Jews and Christians believe that this material world is permanent – it’s a good thing in itself. That an eagle’s flying and great music and the ocean pounding on the shore and a great cup of wine are good things in themselves, because God is not temporarily ‘God is here so someday we’re going to live in heaven’ but the whole purpose of salvation is to make this world a great place.

God sees this world as not a temporary means to an end of salvation, but actually salvation is a temporary means to an end – to the renewal of creation.

Saving souls is a means to an end of cultural renewal. Does the Christian church understand that? I’m not sure.

Emphasis added.

One thought on “Keller: “The whole purpose of salvation is to make this world a great place.”

  1. sedgegrass says:

    Such an unfortunate choice of words! The lack of clarity or precision sets the perfect petri dish for error in doctrine to grow.

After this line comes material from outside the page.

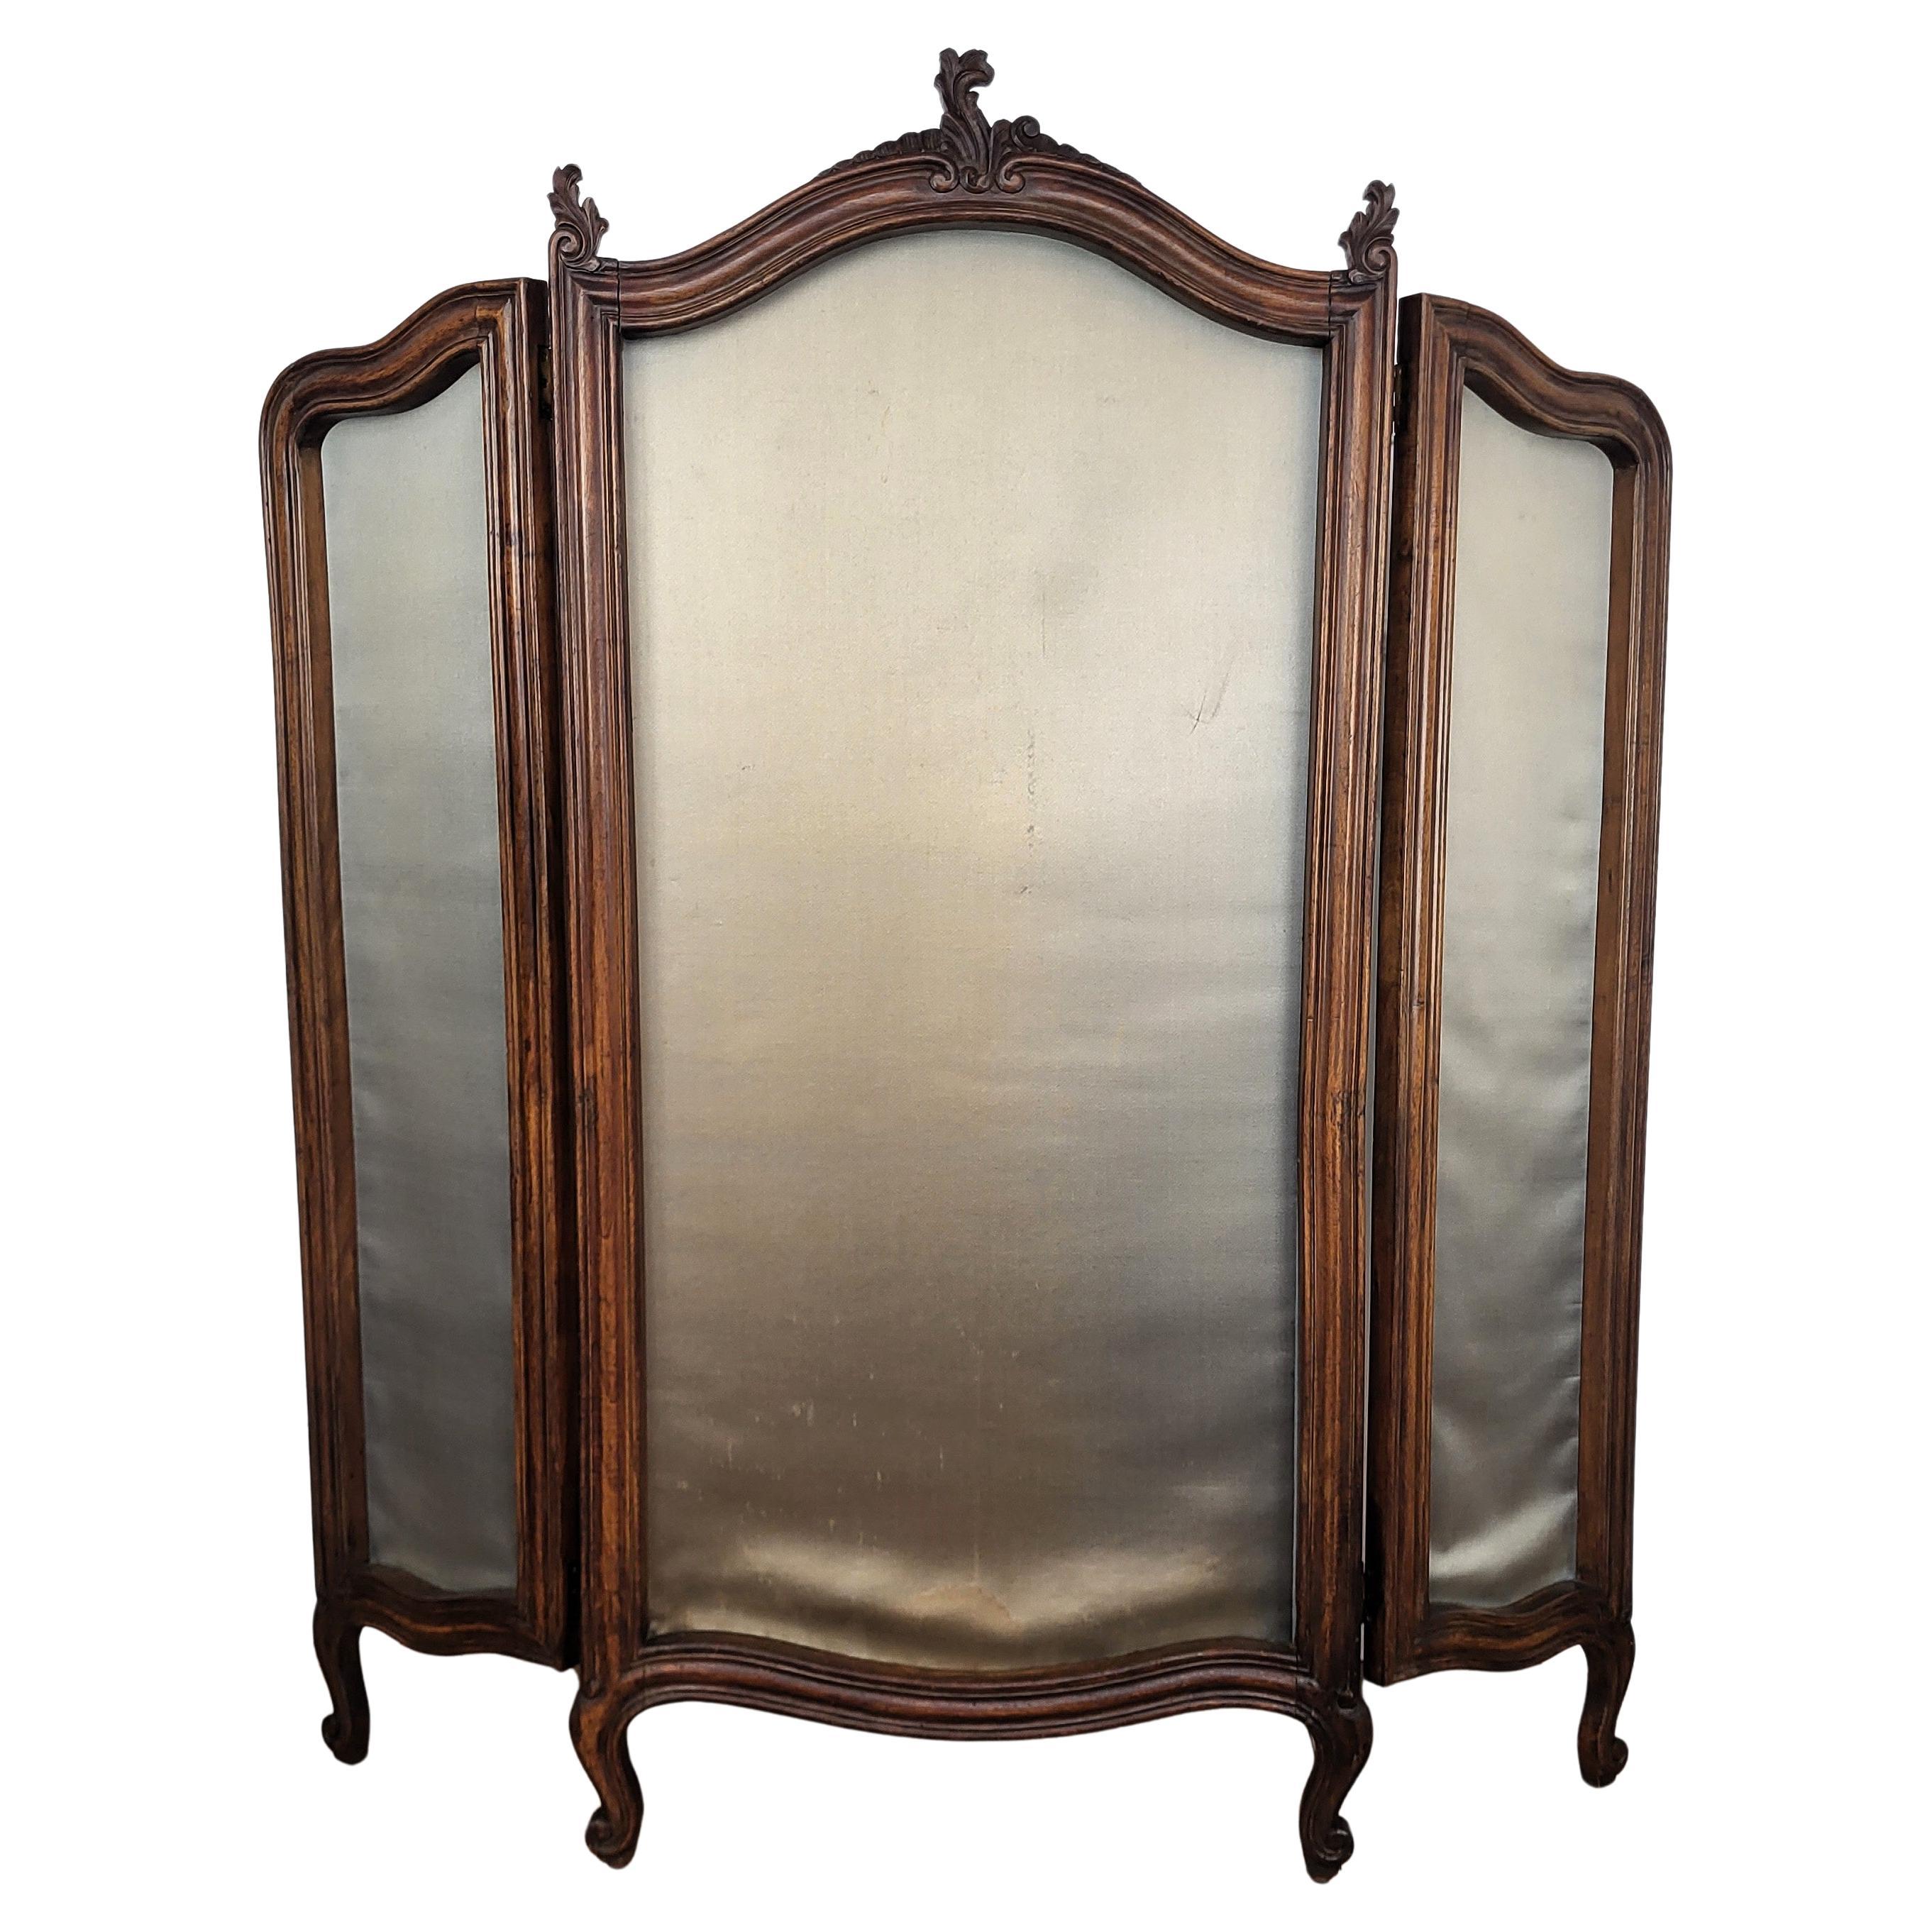 Antique Italian Classical Carved Wood Fabric 3 Panel Folding Screen Room Divider For Sale

    I am, once again, reminded of Schaeffer (he was, after all, perhaps one of the most vocal theologians of my generation regarding culture!). Francis Schaeffer taught that because man was made in the image of God, how the Christian lived – his creative expression in art, music, literature and his care of creation- could reflect God’s image to the watching world. For Schaeffer, when man behaved ‘human’, it meant that he lived as an image bearer of Christ. This ‘image’ living is not to ‘save the earth’, but to reflect glory on the One who made us and to bring the hope of salvation to those who are alienated from our Creator.

    It seems a careless statement to say the ‘whole purpose of salvation is to make this world a great place’. God is saving a people to Himself, something that was in His mind from eternity. In some respects, Keller’s comments cheapen or blunt the personal, the relational aspect, of God’s knowing and choosing us ‘before the foundation of the earth’. Caring for creation, being fully ‘human’ and reflecting God’s image should not be elevated to a sort of spiritless pantheism. In an effort to correct wrong thinking (a false aestheticism towards worldly things), the purpose of redemption must be clear.